Azure Infrastructure Setup
This document outlines the Azure services and configuration required for the Epstein Files Codex infrastructure.
Azure Services Required
1. Azure Cognitive Search
Purpose: Primary search engine for documents and images (backend AI agents only)
Configuration:
- Service Tier: Standard S1 or higher
- Indexes:
documents-index (30,000+ documents)
images-index (20,000+ images)
entities-index (people, locations, organizations)
- Features to Enable:
- Semantic Search
- AI Enrichment
- Custom Skills
- Synonym Maps
Estimated Cost: ~$250/month (S1 tier)
2. Azure Computer Vision
Purpose: Image analysis, OCR, and facial recognition
Configuration:
- Service: Computer Vision API
- Features Used:
- OCR (Optical Character Recognition)
- Image Analysis
- Face Detection (with privacy compliance)
- Object Detection
- Image Categorization
Estimated Cost: ~$100/month (20K images/month)

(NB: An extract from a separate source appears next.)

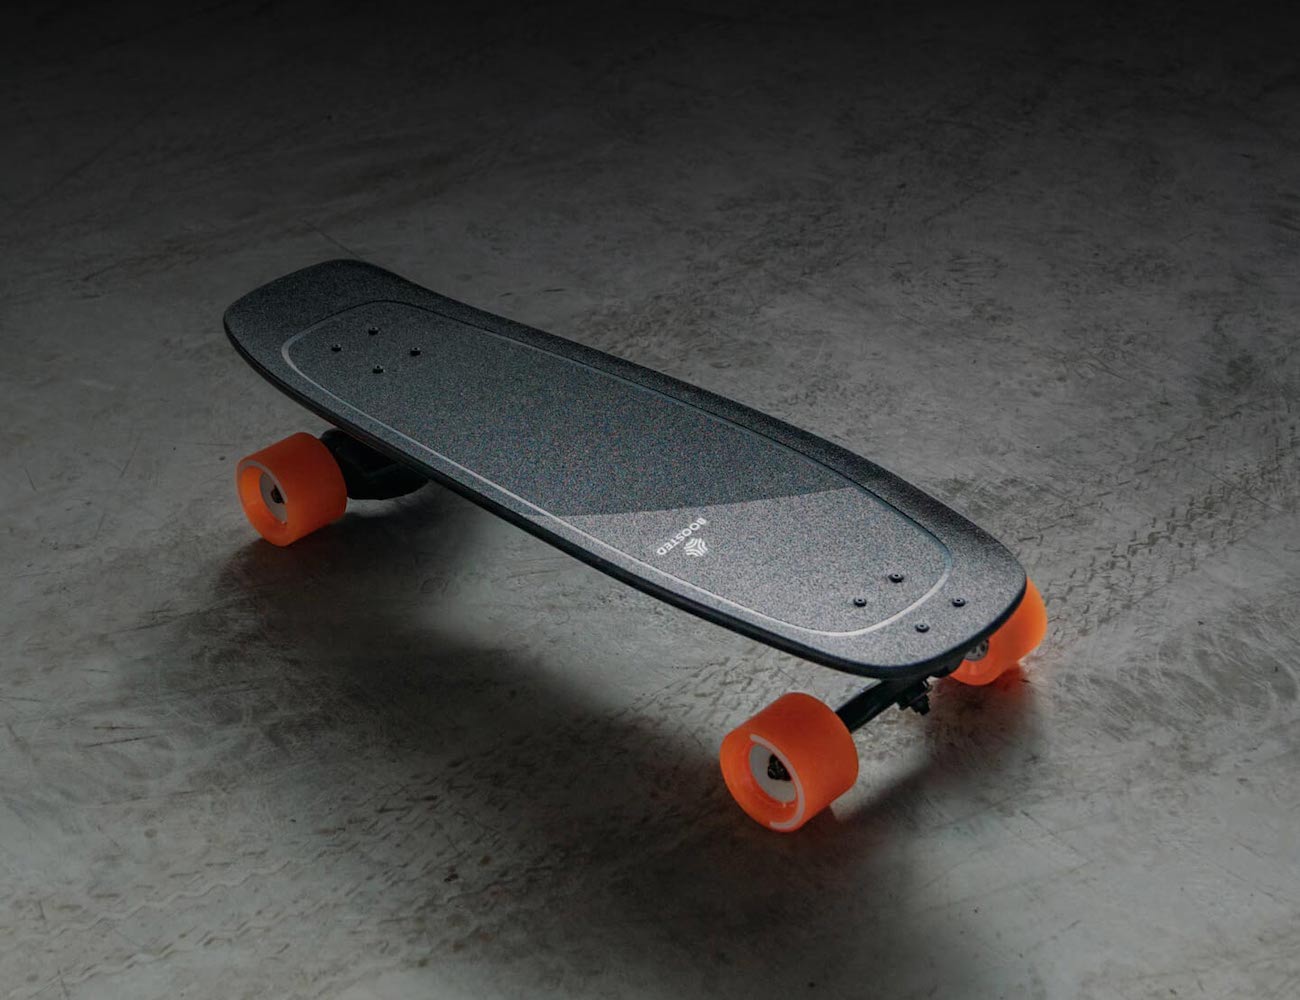  The Perfect Office - Boosted Boards Mini, ITR One Advanced Modular Backpack and more

Purpose: PDF analysis and document understanding
Configuration:
- Service: Form Recognizer / Document Intelligence
- Models:
- Prebuilt Document Model
- Custom Model (trained on legal documents)
- Features:
- Layout Analysis
- Key-Value Pair Extraction
- Table Extraction
- Redaction Detection
Estimated Cost: ~$150/month (30K documents/month)
4. Azure OpenAI Service
Purpose: Advanced AI analysis, summarization, and relevance scoring
Configuration:
- Model Deployments:
- GPT-4 (for complex analysis)
- GPT-3.5-turbo (for summarization)
- text-embedding-ada-002 (for semantic search)
- Rate Limits:
- GPT-4: 100K tokens/minute
- GPT-3.5: 240K tokens/minute
Estimated Cost: ~$500/month (high volume)
5. Azure Blob Storage
Purpose: Document and image storage
Configuration:
- Storage Type: Hot tier (LRS)
- Containers:
documents (30K+ PDFs)
images (20K+ photos)
trash (rejected uploads)
indexed (accepted uploads)
- Features:
- Lifecycle Management
- Soft Delete (30 days)
- Versioning Enabled
Estimated Cost: ~$50/month (500 GB storage + operations)
6. Azure Functions
Purpose: Serverless compute for bot operations
Configuration:
- Plan: Premium EP1
- Functions:
- PDF Analysis Bot
- Image Analysis Bot
- Document Indexing Bot
- Fact-Checking Bot
- Source Verification Bot
- Runtime: Python 3.11
Estimated Cost: ~$200/month (EP1 plan)
7. Azure App Service
Purpose: Host web application
Configuration:
- Service Plan: B2 (Basic)
- Runtime: Static HTML/CSS/JS
- Features:
- Custom Domain Support
- SSL Certificate (Let’s Encrypt)
- GitHub Actions Deployment
Estimated Cost: ~$55/month (B2 tier)
Alternatively, use GitHub Pages (Free) for static hosting.
8. Azure DevOps
Purpose: CI/CD pipelines and self-hosted runners
Configuration:
- Self-hosted agents: 2-3 agents
- Pipelines:
- PDF Processing Pipeline
- Image Processing Pipeline
- Website Deployment Pipeline
- Agent Health Monitoring
Estimated Cost: Free for public projects, ~$40/month for additional pipeline minutes
9. Azure Monitor & Application Insights
Purpose: Monitoring, logging, and alerting
Configuration:
- Application Insights for:
- Bot performance monitoring
- Error tracking
- Usage analytics
- Log Analytics Workspace
- Alerts:
- Bot failures
- High error rates
- Storage capacity warnings
Estimated Cost: ~$50/month
10. Azure Key Vault
Purpose: Secure storage of API keys, connection strings, and secrets
Configuration:
- Standard tier
- Secrets:
- Storage connection strings
- API keys (OpenAI, Computer Vision, etc.)
- Search service keys
- Third-party API keys (Google, Bing)
Estimated Cost: ~$5/month
Total Estimated Cost
Monthly Azure Infrastructure Cost: ~$1,360
Breakdown:
- Cognitive Search: $250
- Computer Vision: $100
- Document Intelligence: $150
- OpenAI Service: $500
- Blob Storage: $50
- Functions: $200
- App Service: $55 (or $0 with GitHub Pages)
- DevOps: $40
- Monitor: $50
- Key Vault: $5
Annual Cost: ~$16,320
Cost Optimization Options
- Use GitHub Pages instead of App Service (saves $55/month)
- Reduce OpenAI usage with caching and batch processing (save ~$200/month)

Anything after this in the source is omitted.